The IRGC said that comments made by President Mahmud Ahmadinejad represented a "clear attack" against the leader of the Islamic Revolution, Ayatollah Ruhollah Khomeini.
The IRGC said that comments made by President Mahmud Ahmadinejad represented a "clear attack" against the leader of the Islamic Revolution, Ayatollah Ruhollah Khomeini.
In an unprecedented move, Iran's Islamic Revolutionary Guards Corps (IRGC) has directly blasted President Mahmud Ahmadinejad over controversial comments he made recently, including saying that parliament is not on top of the country's affairs.
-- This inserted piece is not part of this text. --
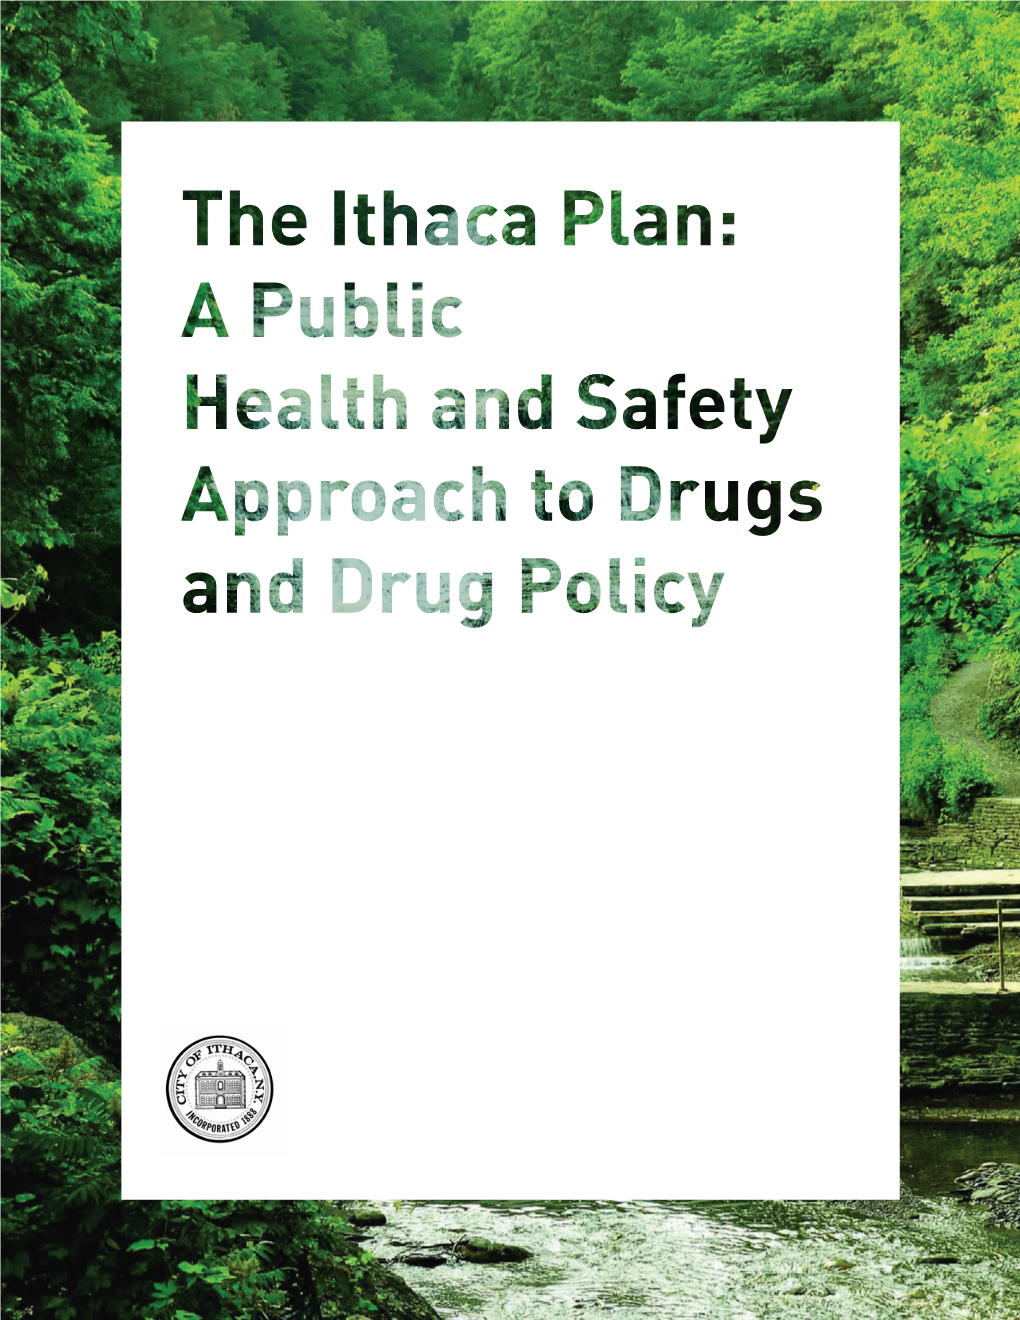 A Public Health and Safety Approach to Drugs and Drug Policy

Ahmadinejad was also criticized for promoting an "Iranian school of thought" instead of an Islamic one.

Ahmadinejad has in recent weeks come under fire by his hard-line allies and conservatives over his new nationalistic rhetoric. So far, the IRGC, whose power and influence has grown since Ahmadinejad came to power, had not publicly criticized the Iranian president.
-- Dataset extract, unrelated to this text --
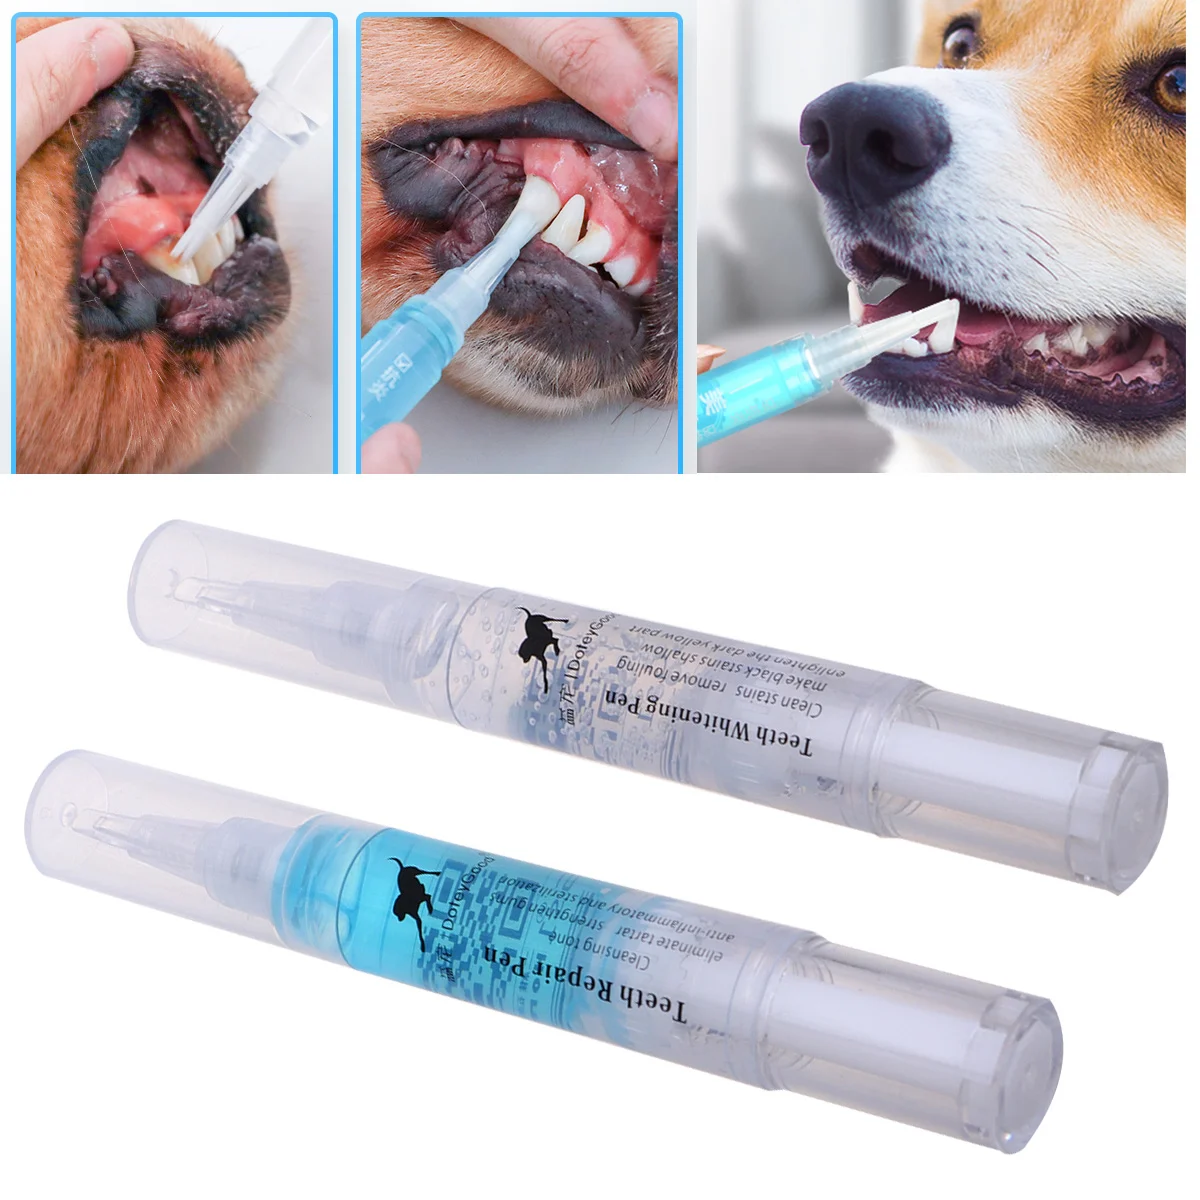 

2PCS 5ml Teeth Whitening Pen Gel Whitener Oral Hygiene Teeth Stain Cleaning Pen for Pets Dogs Cats (White)

The unusual attack by the IRGC, coming in one of its main publications, is seen by analysts as a warning issued to Ahmadinejad from Iran's supreme leader, Ayatollah Ali Khamenei, with the intention of trying to tame the Iranian president.
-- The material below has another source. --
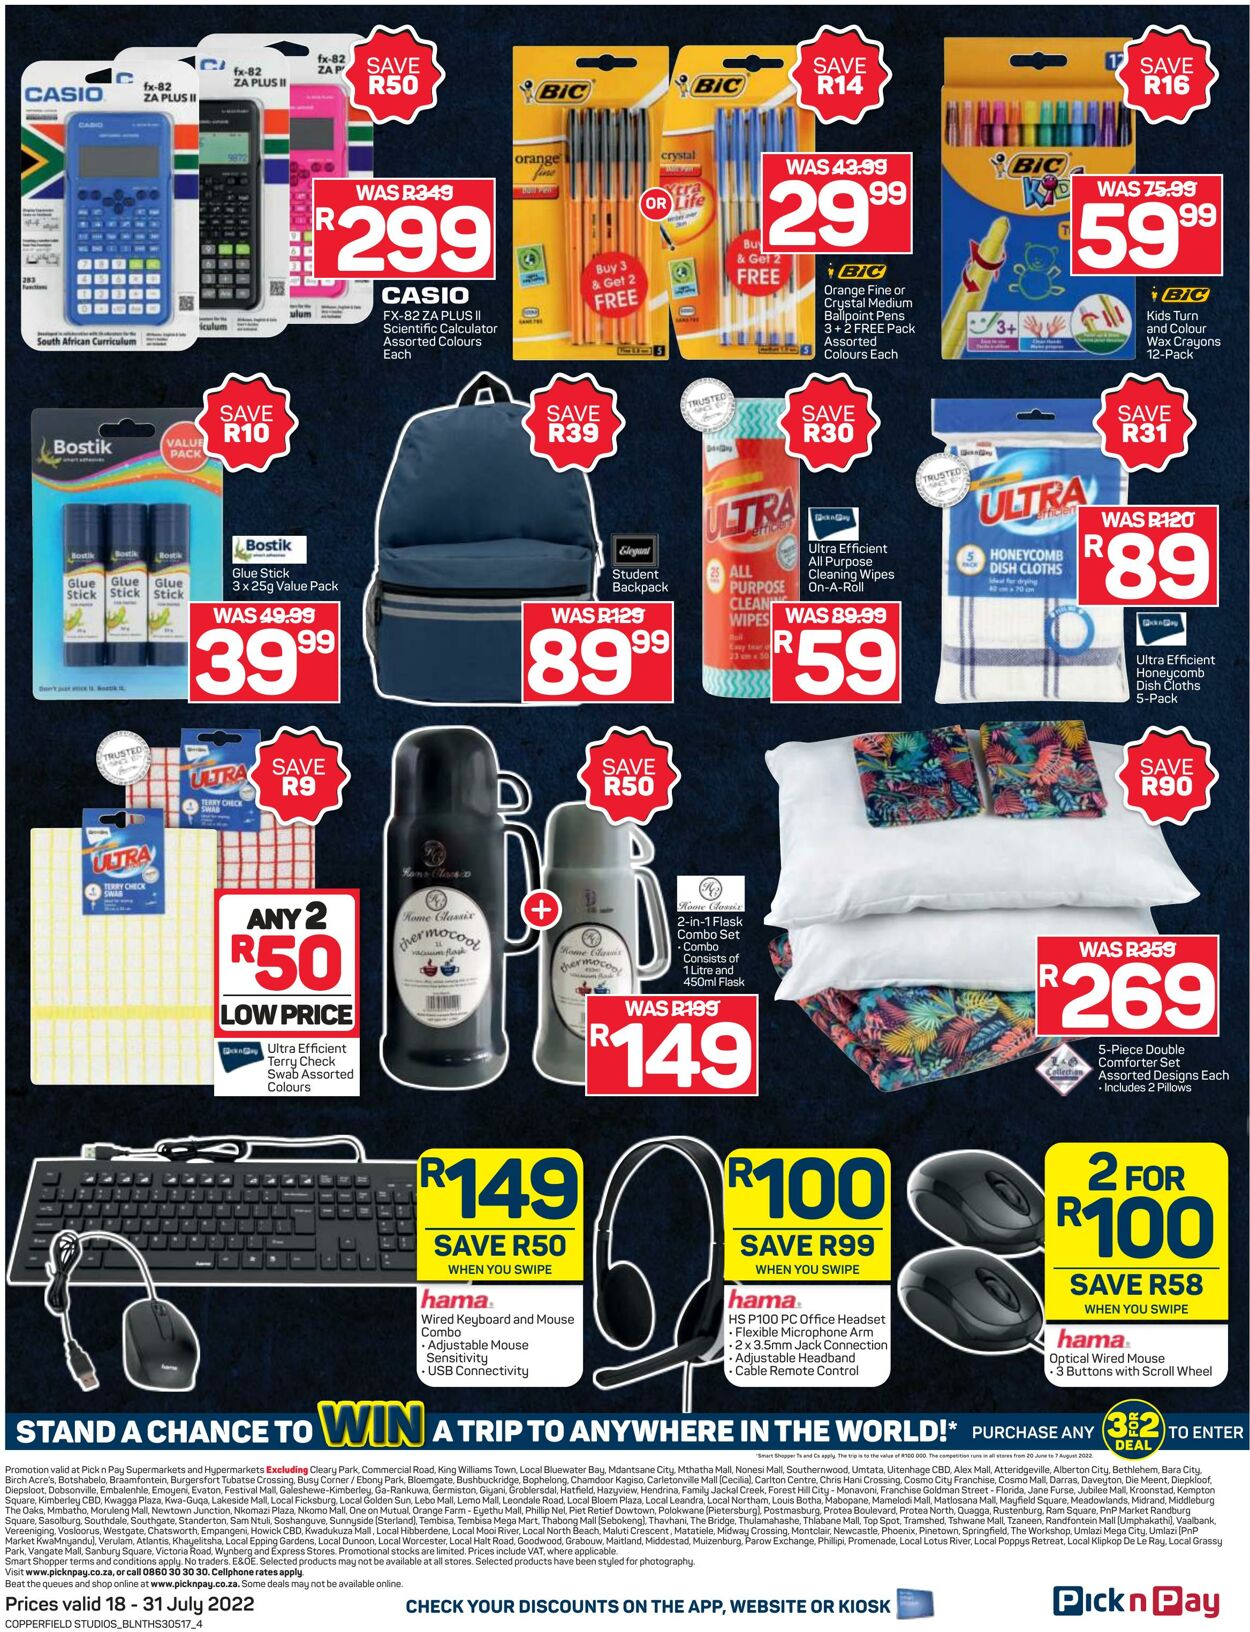 Special Pick n Pay 18.07.2022 - 31.07.2022

The IRGC monthly publication "Payam-e Enghelab" (Message of the Revolution), which is managed by Khamenei's representatives, described Ahmadinejad's statement that the government is not on top of the country's affairs as an offense to the founder of the Islamic republic, Ayatollah Ruhollah Khomeini.

"The essence of bringing up this issue is a clear attack to Imam Khomeini, the great leader of the Islamic Revolution, who had said 'the parliament is on top of the affairs,'" it said. "Unfortunately, this was brought up by politicians and the president himself."

Sharp Criticism

Ahmadinejad had said in a September interview with the "Iran" daily that Khomeini's comments reflected the situation at the time but that things have changed. He said at that time the prime minister was in charge of running the country, was elected through parliament, and parliament was the highest power.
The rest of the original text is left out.